If additional burdens are imposed upon a street, abutting owners are entitled to compensation, if damaged; and this notwithstanding the fee is in the public, or the municipality for public use. They may recover damages for the construction of a common traffic railroad, but not for a mere street railway, whether operated by cable, electric, or horse power.

The abutter has no right to project his buildings, or any part thereof or attachment thereto, over the street line, without municipal consent; but a city may permit abutters to extend balconies, bay windows, awnings, or signs into streets.

90. Sewers.-The construction of sewers is an inherent municipal function for sanitary purposes, and may be imperatively imposed upon a municipality by the state.

Unless the duty is positively imposed by the state, the municipality has discretion to determine whether it will construct a system of sewers, and also the nature and cost of the system. This function is legislative, and the municipality cannot be held liable for failure to exercise it, and thus provide a system of its own, or for mistake made in the choice of the systems offered.

The municipality may, of course, use the streets for the construction of a sewerage system, and it has been held that it has also the power of eminent domain over other property for this purpose.

It is competent for the city to assess the expense of

building a sewerage system for a certain street against the abutting property, and to require all persons residing on the street to connect with the sewer. No property-owner can be prevented from tapping a municipal sewer.

A sewer being once completed, it is the imperative municipal duty to see that it is properly cared for; and for failure to perform this function the municipality may become liable in damages.

91. Parks.-Public parks and squares are proper objects of municipal concern, as means for the promotion of public health and comfort; and property may be acquired and held by a municipality for these recognized purposes.

Public parks, such as Hyde Park and Bois de Boulogne, and public squares, such as Trafalgar Square and the Place de la Concorde, have long been recognized and maintained as municipal attractions and conveniences for the inhabitants and sojourners of a city. Recognizing these as an important public use, the states have generally conferred upon municipalities the sovereign power of eminent domain for the purpose of condemning property for the public use in parks and squares, and have often authorized this to be done beyond the limits of the municipal corporation.

But though parks and squares are recognized as a public use, they are matters of municipal rather than governmental concern, and their establishment is within the discretion of the municipality.

It is obvious that the city may accept land dedicated for public parks and squares, and appropriate

money out of the municipal treasury for its improvement. A city cannot authorize the erection of any private building in a public square or park-not even a railway station or depot-and a lease of a park for private use is void. Ways may be opened through a park for pleasure driving and riding, like Rotten Row in Hyde Park; but they may not be used for traffic purposes.

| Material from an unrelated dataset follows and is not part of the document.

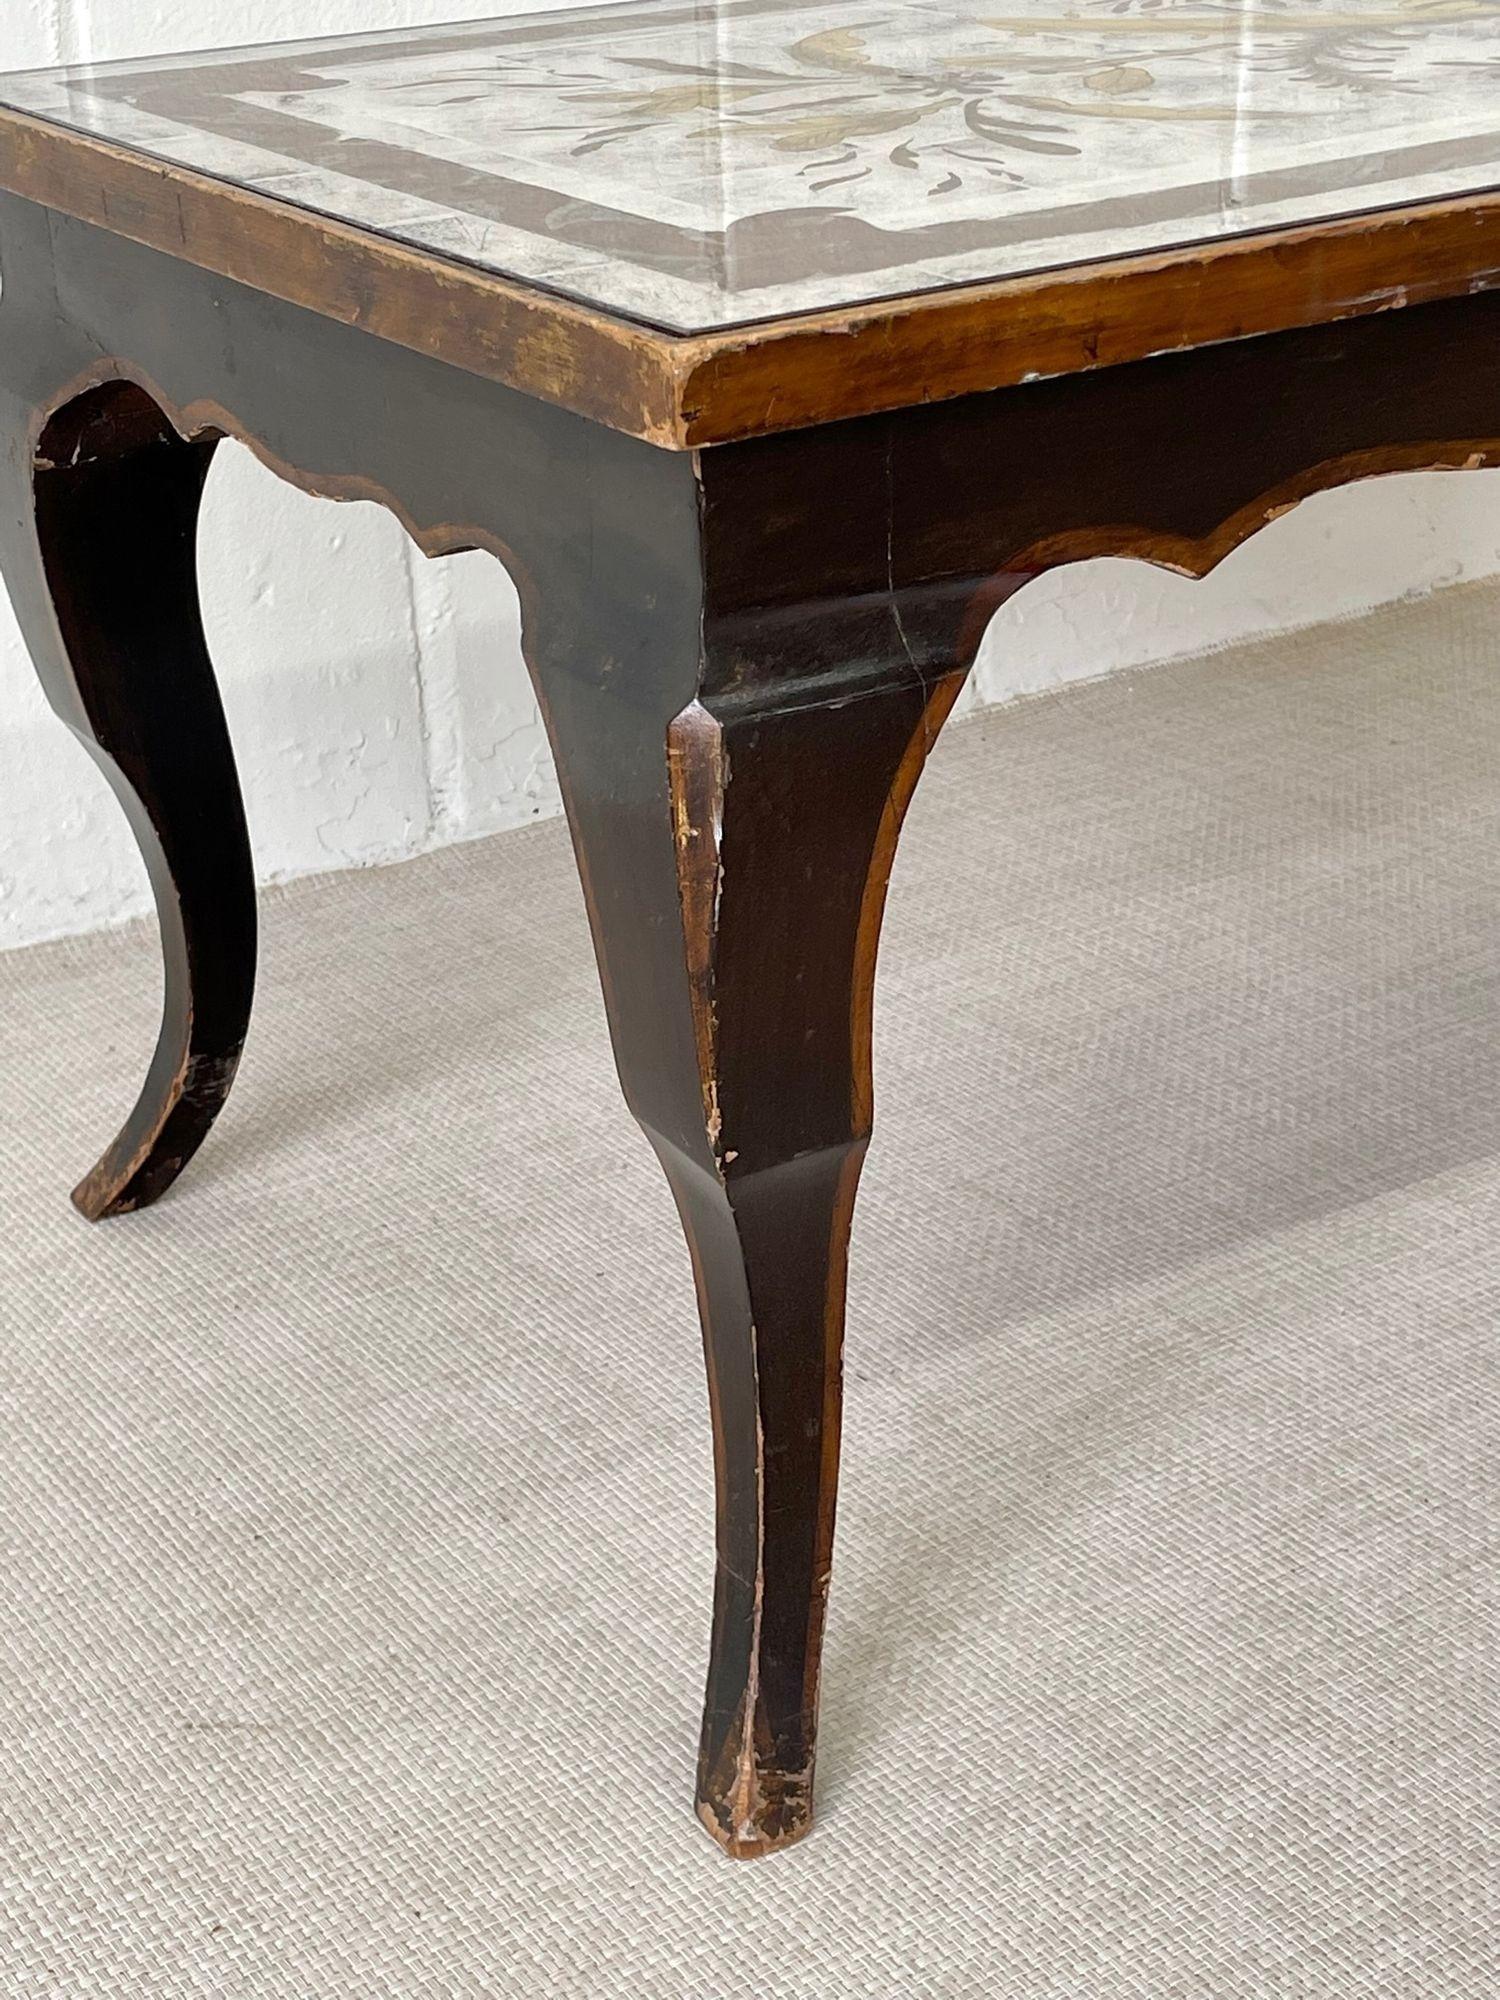 20th Century Hollywood Regency Eglomise Coffee or Cocktail Table, Ebony, Mirrored, Jansen

The city may permit and provide for the erection of monuments, fountains, art galleries, and zoological buildings, and may pass ordinances for the protection of animals and birds therein.

92. Public buildings.-Public buildings are essential for municipal purposes, and the power to acquire land therefor, and erect and maintain necessary buildings thereon, is inherent in the municipal corporation. The city council possesses inherent power to provide appropriate room for its own meeting, and for the transaction of the necessary municipal business. Also, it must provide a proper place for the detention of municipal prisoners, and the proper housing and protection of its fire apparatus. And in general the municipality has implied power to erect and maintain any necessary public building.